» Exercise prompt
A word-for-word copy of the data is what's wanted, with no pictures.

» Information provided
*-*-*

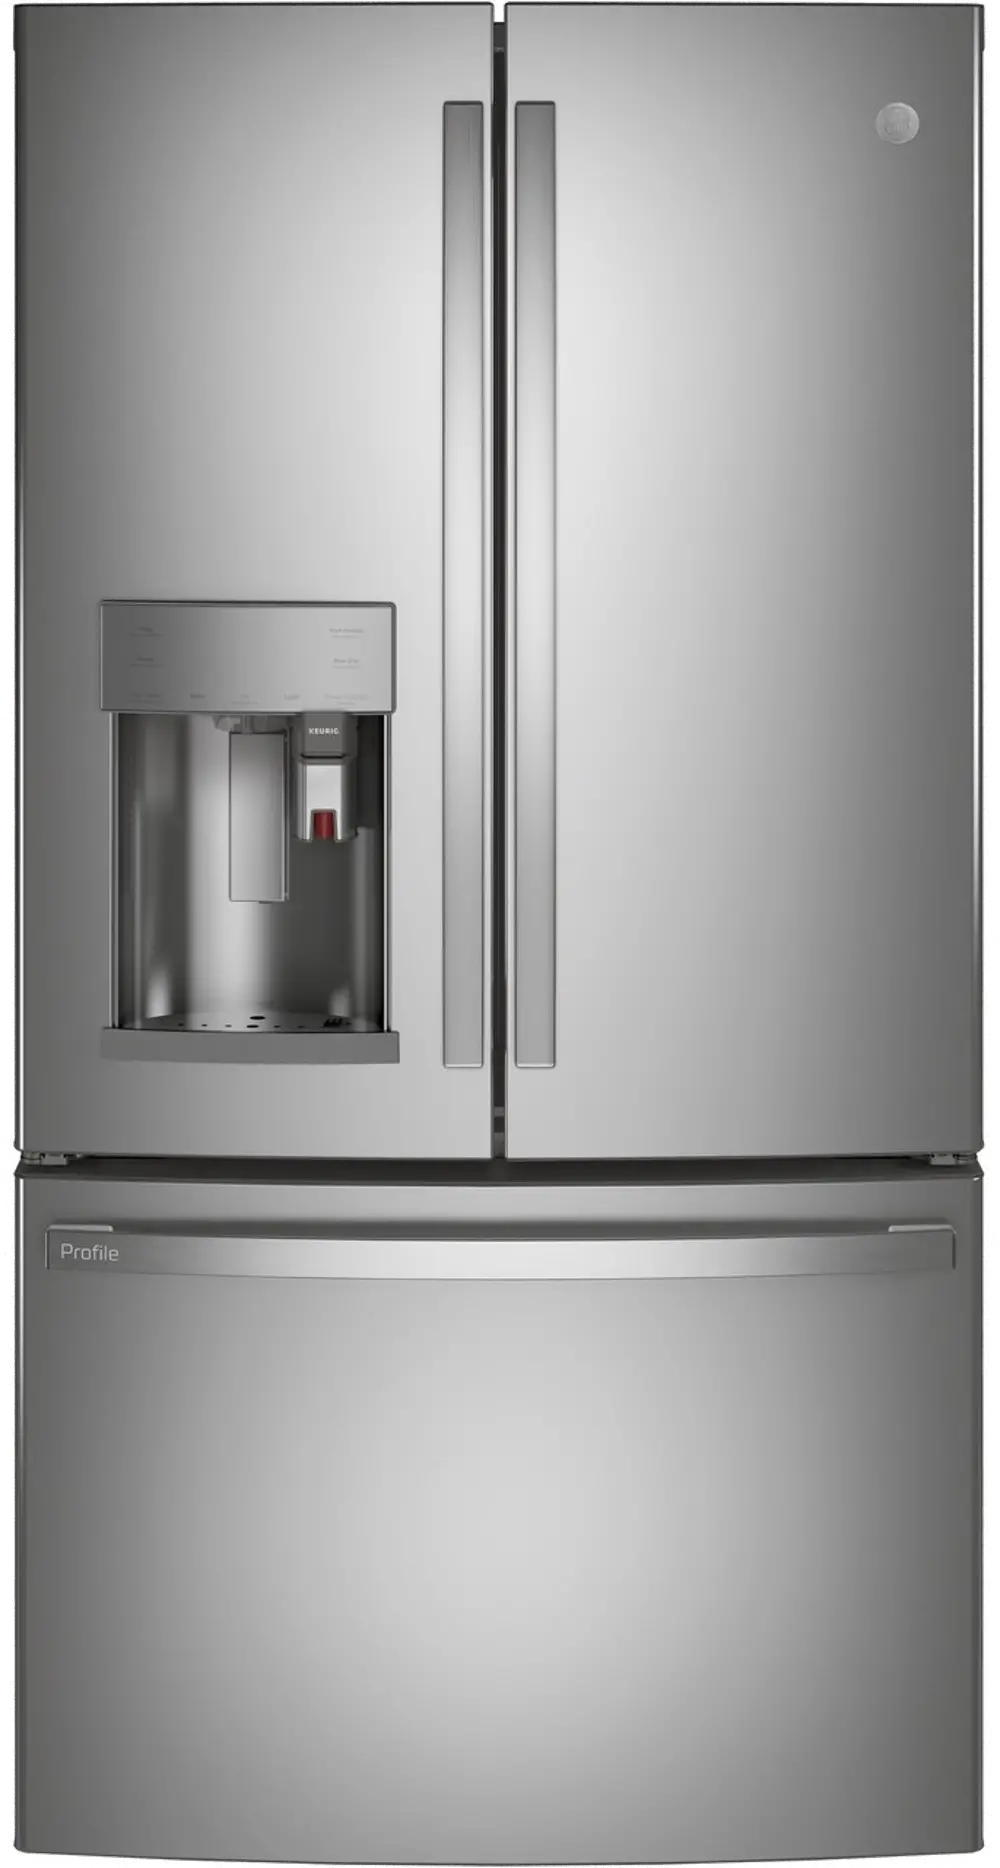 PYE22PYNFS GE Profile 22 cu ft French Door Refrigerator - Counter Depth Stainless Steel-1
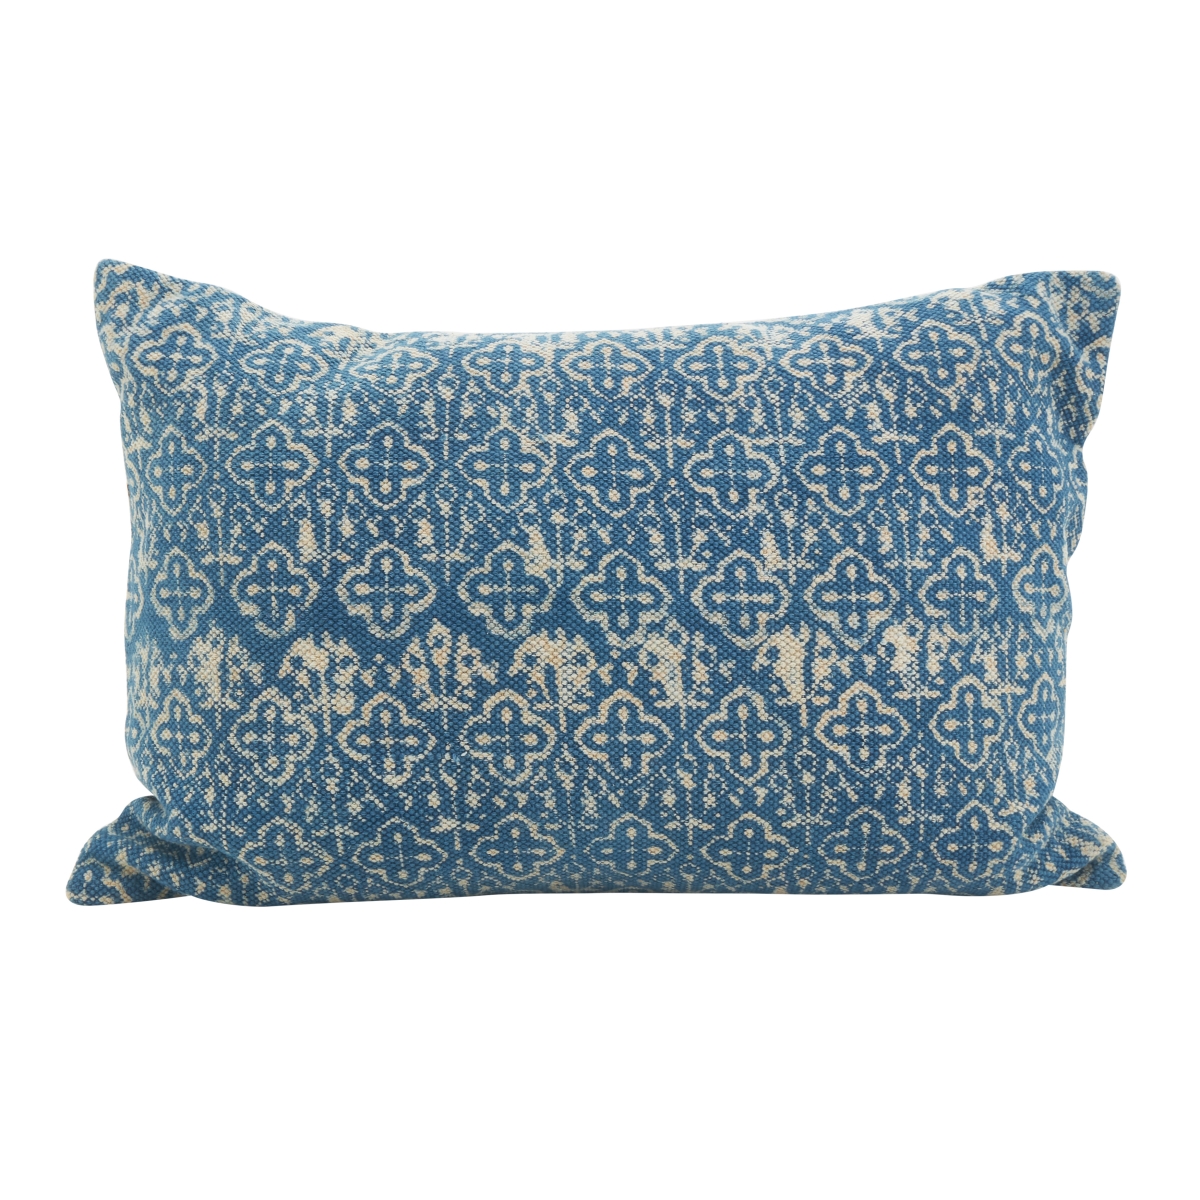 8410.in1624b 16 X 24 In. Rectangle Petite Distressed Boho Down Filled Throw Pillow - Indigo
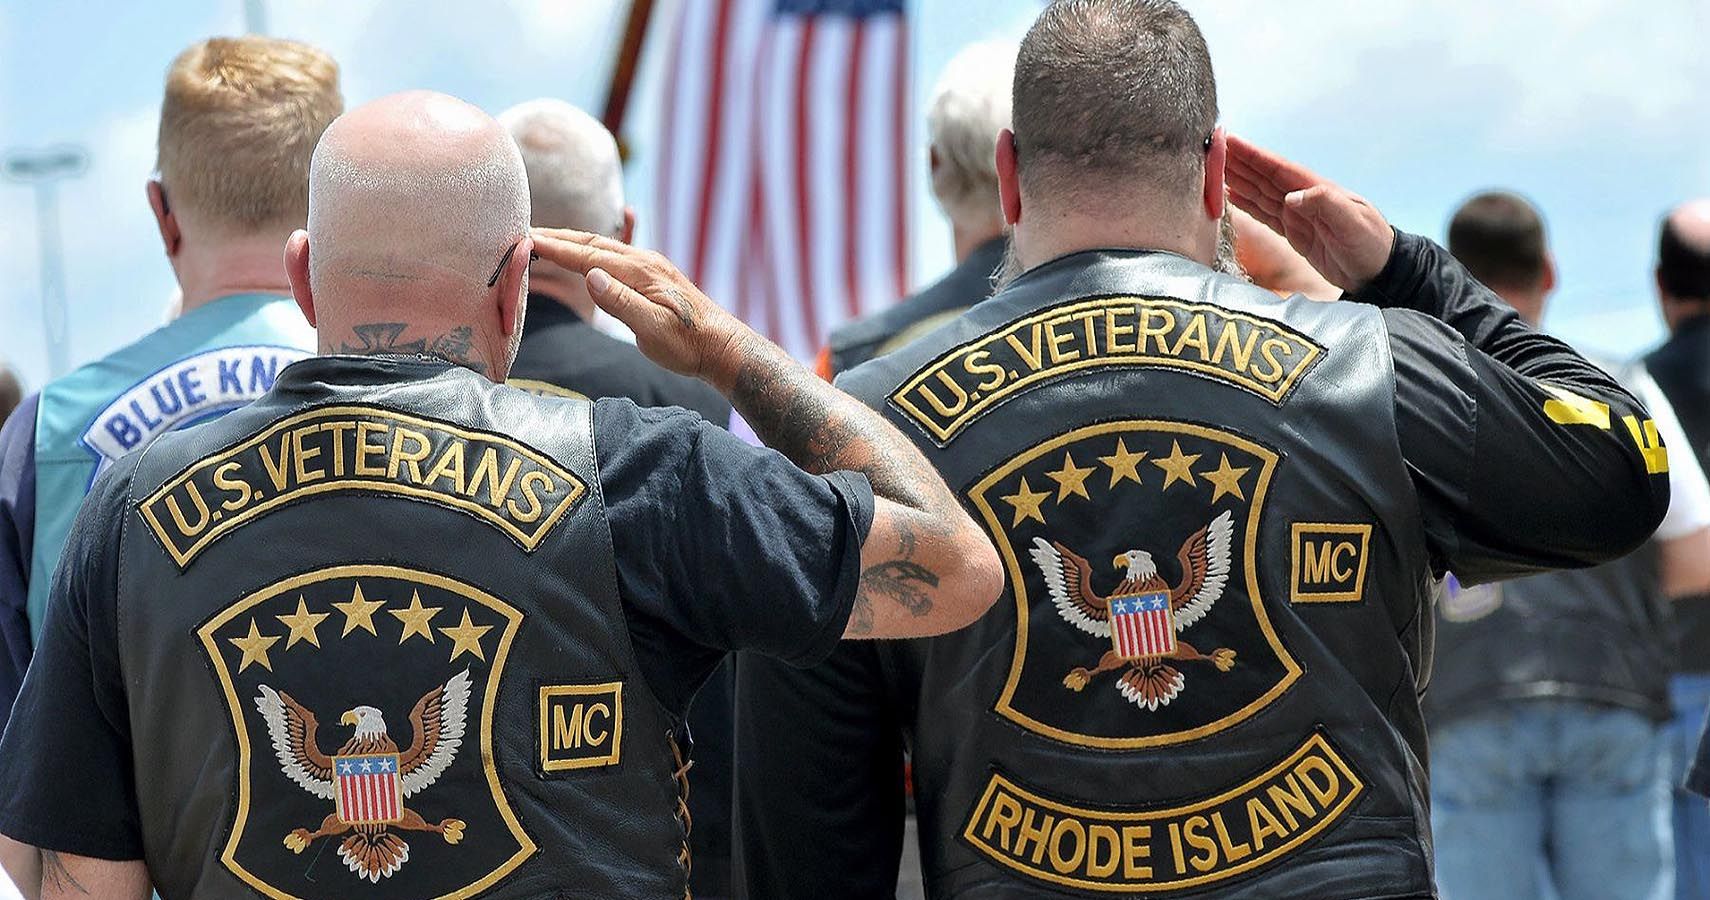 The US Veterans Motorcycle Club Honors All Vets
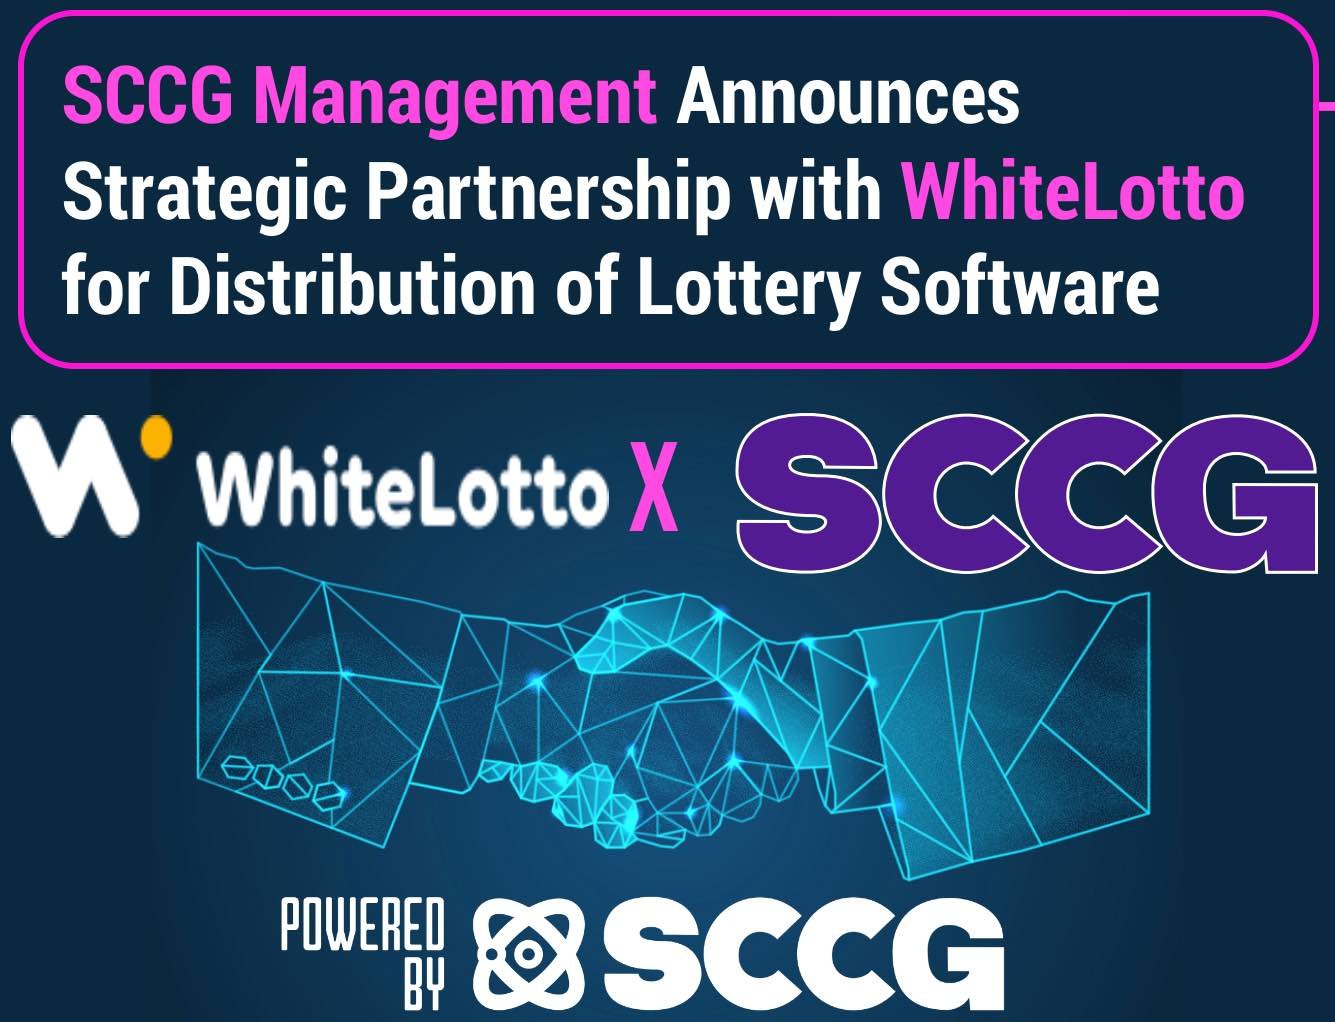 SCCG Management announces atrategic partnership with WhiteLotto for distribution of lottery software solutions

*-*-*

» Problem solution
 PYE22PYNFS GE Profile 22 cu ft French Door Refrigerator - Counter Depth Stainless Steel-1
 8410.in1624b 16 X 24 In. Rectangle Petite Distressed Boho Down Filled Throw Pillow - Indigo
 The US Veterans Motorcycle Club Honors All Vets
 SCCG Management announces atrategic partnership with WhiteLotto for distribution of lottery software solutions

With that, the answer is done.